Elder Anthony D. Perkins offers students four steps for making decisions


Elder Anthony D. Perkins of the First Quorum of the Seventy offered four essential lessons to students who may be struggling with decision-making during the Feb. 4 Devotional address.

Elder Anthony D. Perkins gives advice for decision making during Feb. 4 devotional. Photo by Elliott Miller
Elder Anthony D. Perkins gives advice for decision-making during Feb. 4 Devotional. (Photo by Elliott Miller)

“Four lessons of inspired decision-making by Nephi in the well-known opening chapter of the Book of Mormon, if applied, can reduce your fears and increase your confidence to go forward,” Elder Perkins said.

The first lesson is to “qualify for the Spirit by obeying commandments.” Elder Perkins counseled that in order to stay close to the Lord, we must follow the commandments. Some examples included reading the scriptures and praying daily, attending Church meetings, following the living prophets’ counsel and serving others.
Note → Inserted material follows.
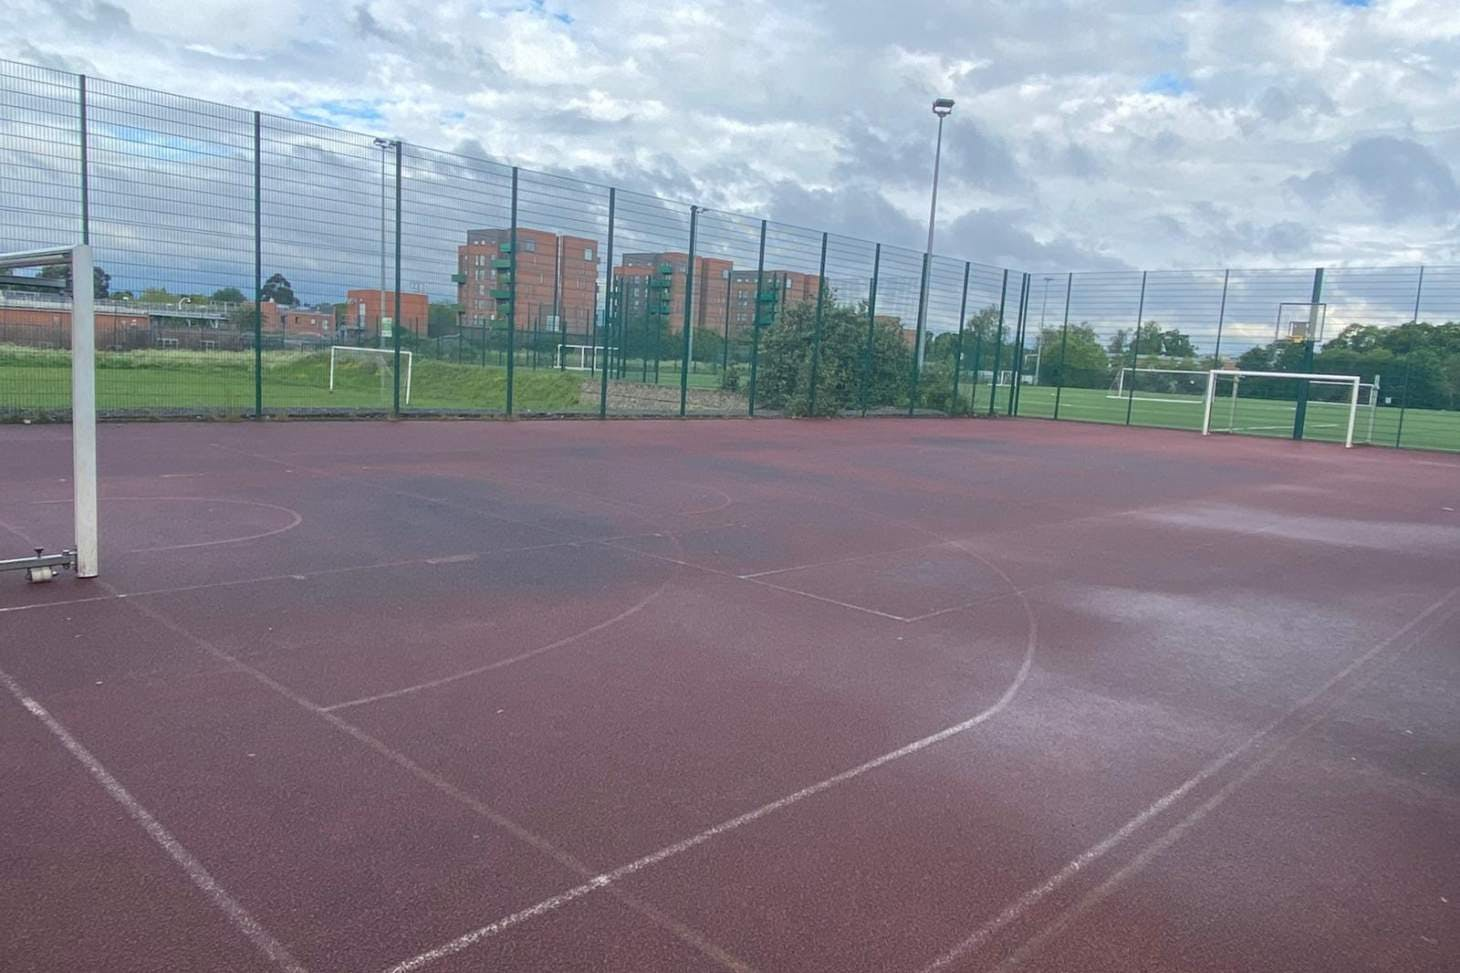 Ark Academy Wembley Outdoor | Hard (macadam) basketball court
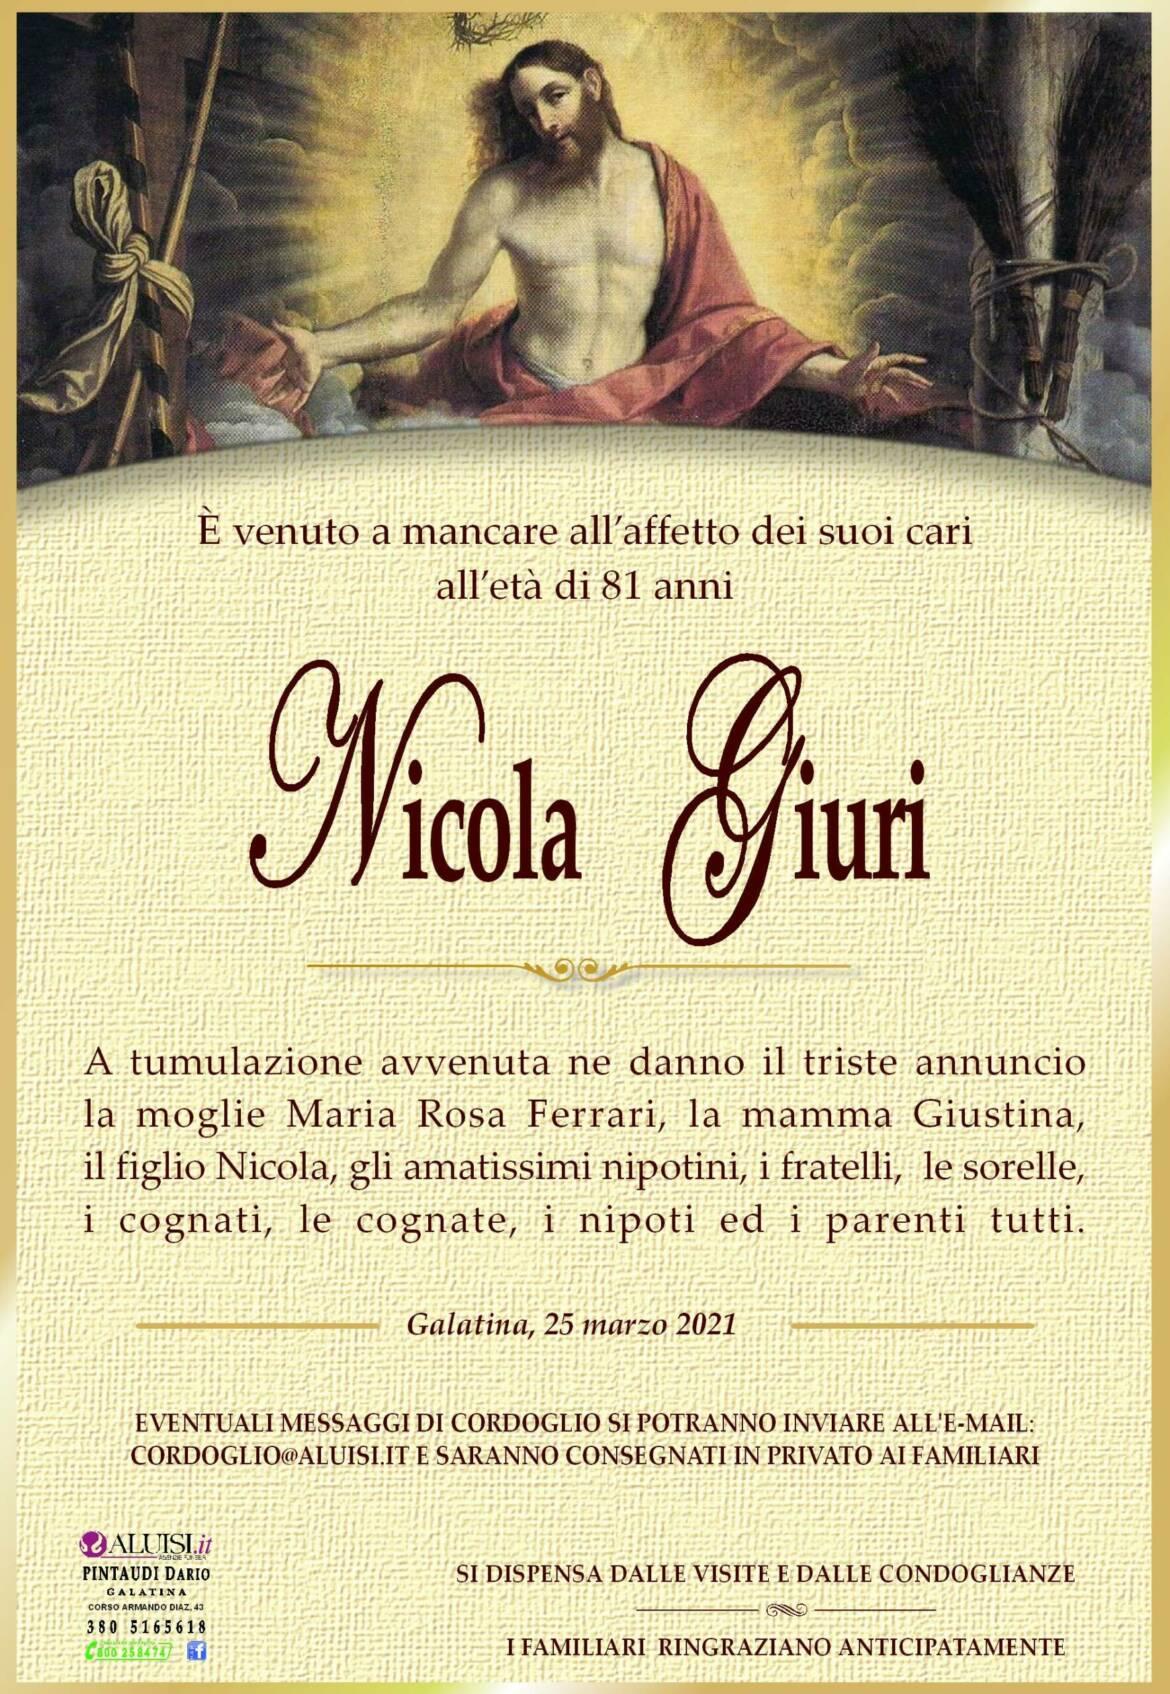 Annuncio-NICOLA-GALATINA-2-scaled.jpg

Elder Perkins explained that Nephi was not perfect and was often very hard on himself, but he understood the power of the Atonement so that he could remain worthy for the company of the Holy Ghost.

“You too are not perfect, yet perfection is not a prerequisite to personal revelation,” Elder Perkins said. “The prerequisite is daily repentance because ‘all have sinned, and come short of the glory of God.’”

The lesson teaches that through the Atonement and obeying commandments, students can have the Spirit to guide them while making these tough decisions.

“I loved the example of Nephi walking by faith, because it’s especially applicable to my life as a student with so many life-altering decisions to make in such a short amount of time,” said Cameron Papenfuss, a junior studying accounting.

The second lesson Elder Perkins taught was to “move forward in faith, even without perfect knowledge.” He introduced the lesson with a story from Nephi’s life when he was asked to leave Jerusalem and move into the wilderness. During this move, Nephi did not receive revelation from God that showed his whole plan; he received bits and pieces of revelation from time to time.

“Our Heavenly Father wants us to grow in every way while on this earth, and that includes developing our ability to weigh facts, render judgments and make decisions,” Elder Perkins said. “But he also invites us to bring our decisions to him in prayer.”

Elder Perkins discussed three ways that personal revelation can be achieved, quoting Elder Richard G. Scott, who said we can feel peace that our decision is right through confirming assurance, an absence of peace, an unsettled feeling or no revelatory response at all, telling us that there is a divine trust in our decision-making abilities.

“The counsel enhances my perspective because I recognize that my present circumstances are a gift from Heavenly Father,” said Meg Whittaker, a freshman studying public relations. “I know we are put at a specific place and time because there are lessons our Heavenly Father wants us to learn and people he wants us to serve.”

The third lesson presented during the Devotional was to “commit fully to inspired decisions and live in the present.” Elder Perkins compared Laman and Lemuel to some students today. Nephi’s brothers agreed to leave Jerusalem but never brought their hearts with them on the journey.

Elder Perkins said some students let things like schoolwork, a job, moving into a new ward or even marriage be undertaken half-heartedly and therefore suffer, just as Laman and Lemuel half-heartedly leaving Jerusalem.

“You will experience greater progress in life when you wholly commit to your decisions and strive to excel in your current circumstances even while you have an eye open to the future,” Elder Perkins said.

The last lesson provided by Elder Perkins is to “draw on the strength of trusted loved ones to sustain the journey.” These trusted loved ones can help during the difficult process of decision-making and can help you to stay on the right course.

For Elder Perkins, this “trusted anchor” is his wife, who has helped him make many difficult decisions including their move to China, and the option of whether to stay abroad or to move elsewhere. Just as Nephi did, Elder Perkins trusts his wife during the hard process of decision making.

“I invite each of you to become the type of person that your current or future spouse can draw on for wise counsel and strength,” Elder Perkins said.

The next Devotional will be given at the Marriott Center by Suzanne Julian of the Harold B. Lee Library on Feb. 11 at 11:05 a.m.